I heard the venerable older Vet utter the words “eye exam,” and the word “glasses.” And then, as he casually continued on, he used a term I hadn’t heard in many years: “BCGs.”

It took a second for it to come back to me, but once it hit, I started laughing. I couldn’t contain it, and I instantly felt like a Bad Person for interrupting him. He paused… glanced my way… and burst out in laughter, as well! BCGs. Damn! I hadn’t thought of them in so long.

“You’re a Stormer, right?” he asked me, verifying that I was the Gulf War vet on his roster.

“Yes,” I said. The connection was made. Mutual laughter is a wonderful thing.

The military has acronyms for everything, and everything you need is provided as standard military-issue. If you need glasses, you’re issued glasses, and those glasses are known by the acronym “BCGs.” Birth Control Glasses.

The idea is that the glasses are so ugly, you won’t be able to get laid if you’re wearing them. It’s a joke, but “BCGs” is seriously what everyone in the Army calls them. It’s practically their official name, and that’s what’s so funny about it. All soldiers know what BCGs are… at least, they did during my time. I’m sure it’s still the case today. The Army is fairly change-resistant in many ways.

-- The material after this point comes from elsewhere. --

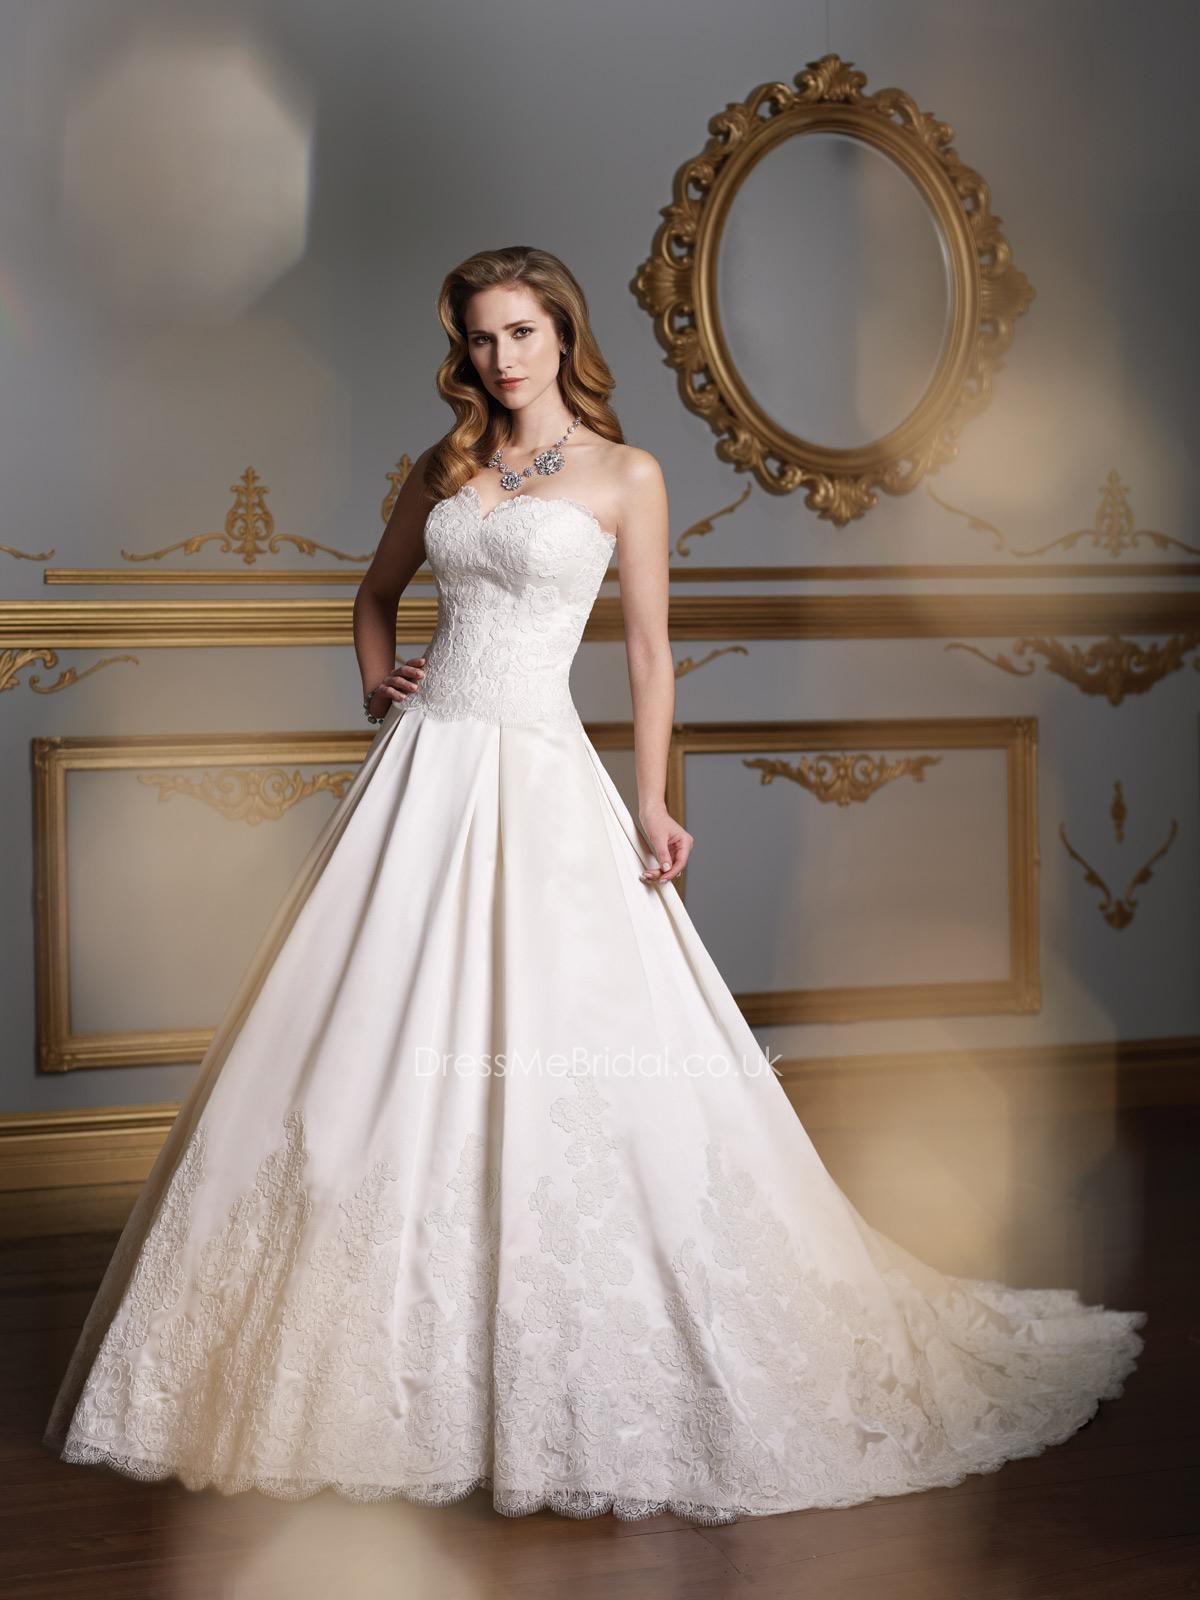 27+ Great Photo of Wedding Dress Patterns To Sew - figswoodfiredbistro.com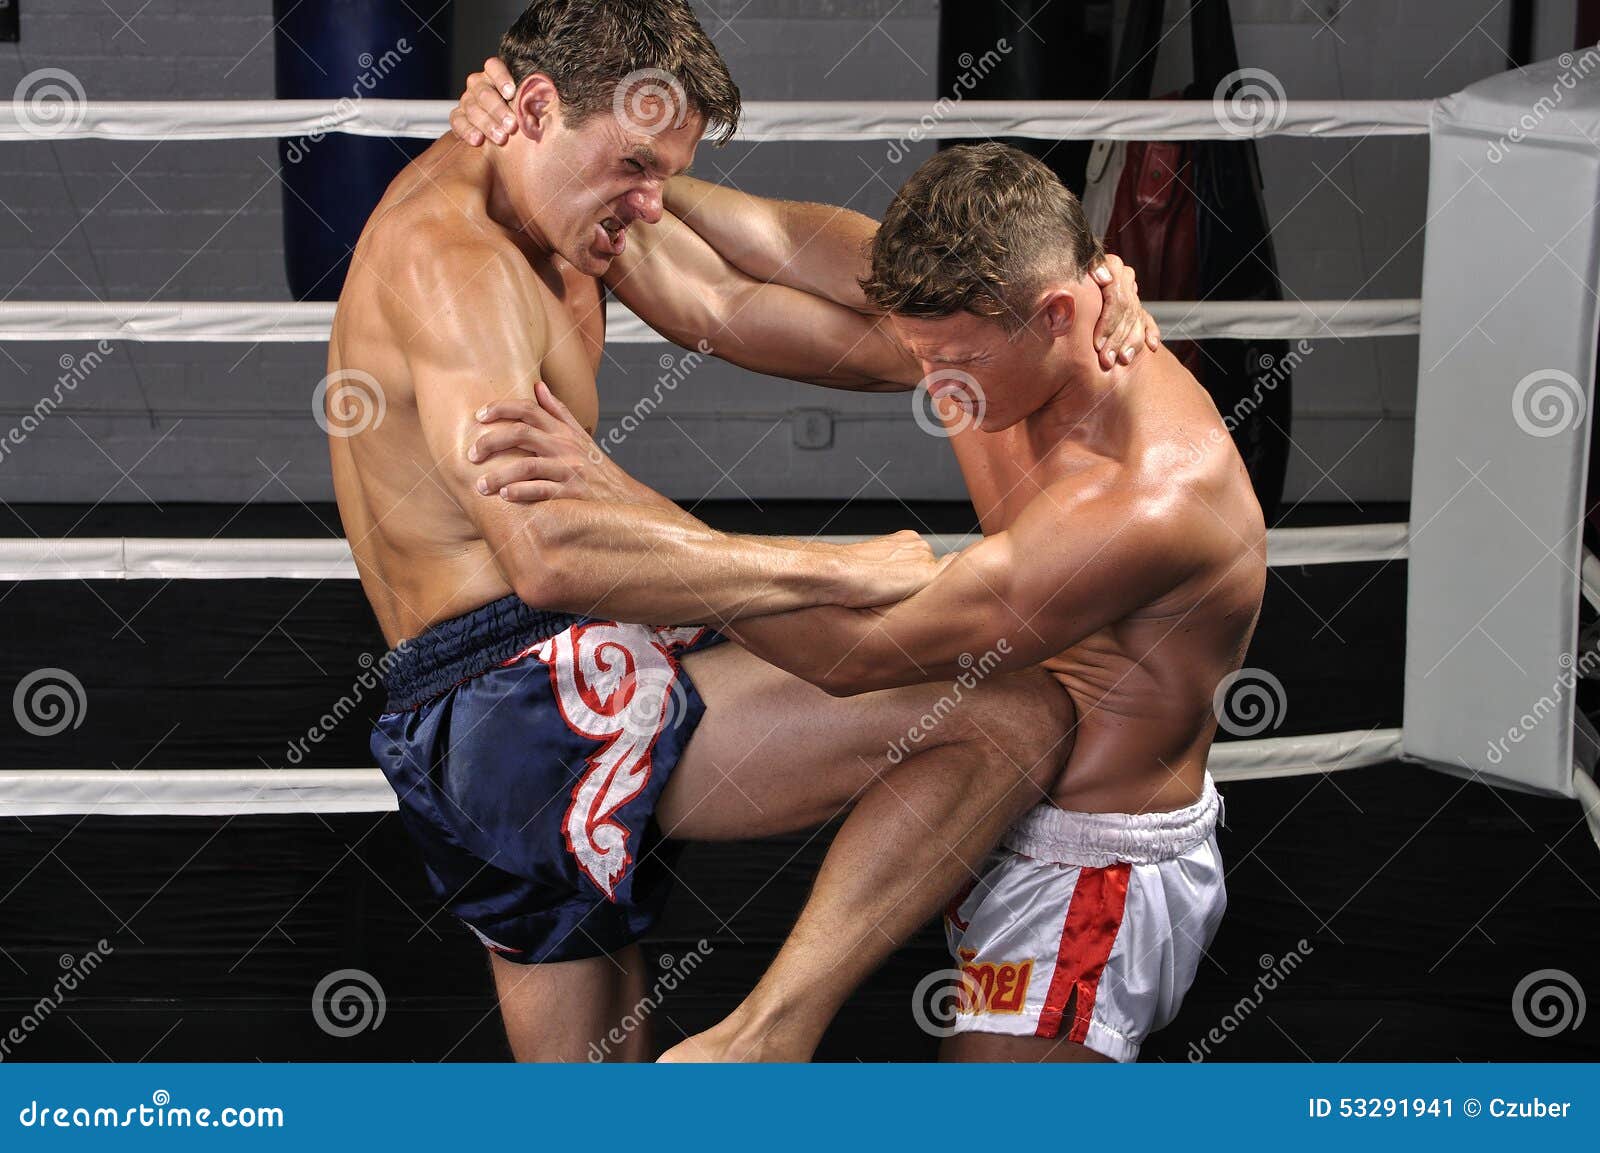 muay thai match in ring

Depending on the era, BCG frames can be horn-rimmed or slightly squared-off, but they’re always large, thick and dark (either black or brown).

Callaghan was sitting there with me, and he was confused. Being French, he was thinking of tuberculosis. In French, “BCG” is the term for the tuberculosis vaccine (Le vaccin bilié de Calmette et Guérin).

 

French tuberculosis vaccine on the left, American military standard-issue glasses on the right. NOT UNLIKE.

French tuberculosis vaccine on the left, American military standard-issue glasses on the right. NOT UNLIKE.

 

In the civilian world, hipsters have now made BCGs a part of their basic everyday uniform. See how that works? Military HAS to wear them. Hipsters WANT to wear them. (Come to think of it, civilians also like to wear camo print and combat boots. Solider fashion, always in fashion! It’s a classic… never goes out of style. Hmm….)

And so it is that I shall obtain a pair of glasses from the V.A., and I’m grateful for it. When we wandered into the glasses area while we were down there last week, I saw that there’s a plethora of available frame styles, and some of them are quite attractive… so the glasses I get don’t have to be actual BCGs, unless I choose them with the civilian hipness factor in mind. Still, the idea of glasses from the V.A amuses me.

Now for the obvious question: If these glasses are perched on the favorable end of the desirability scale in civilian hipsterdom, what would that make them, in that case? “PGs” – Pregnancy Glasses? “GLGs” – Get Laid Glasses? Parents of hipster kids, lock up those glasses!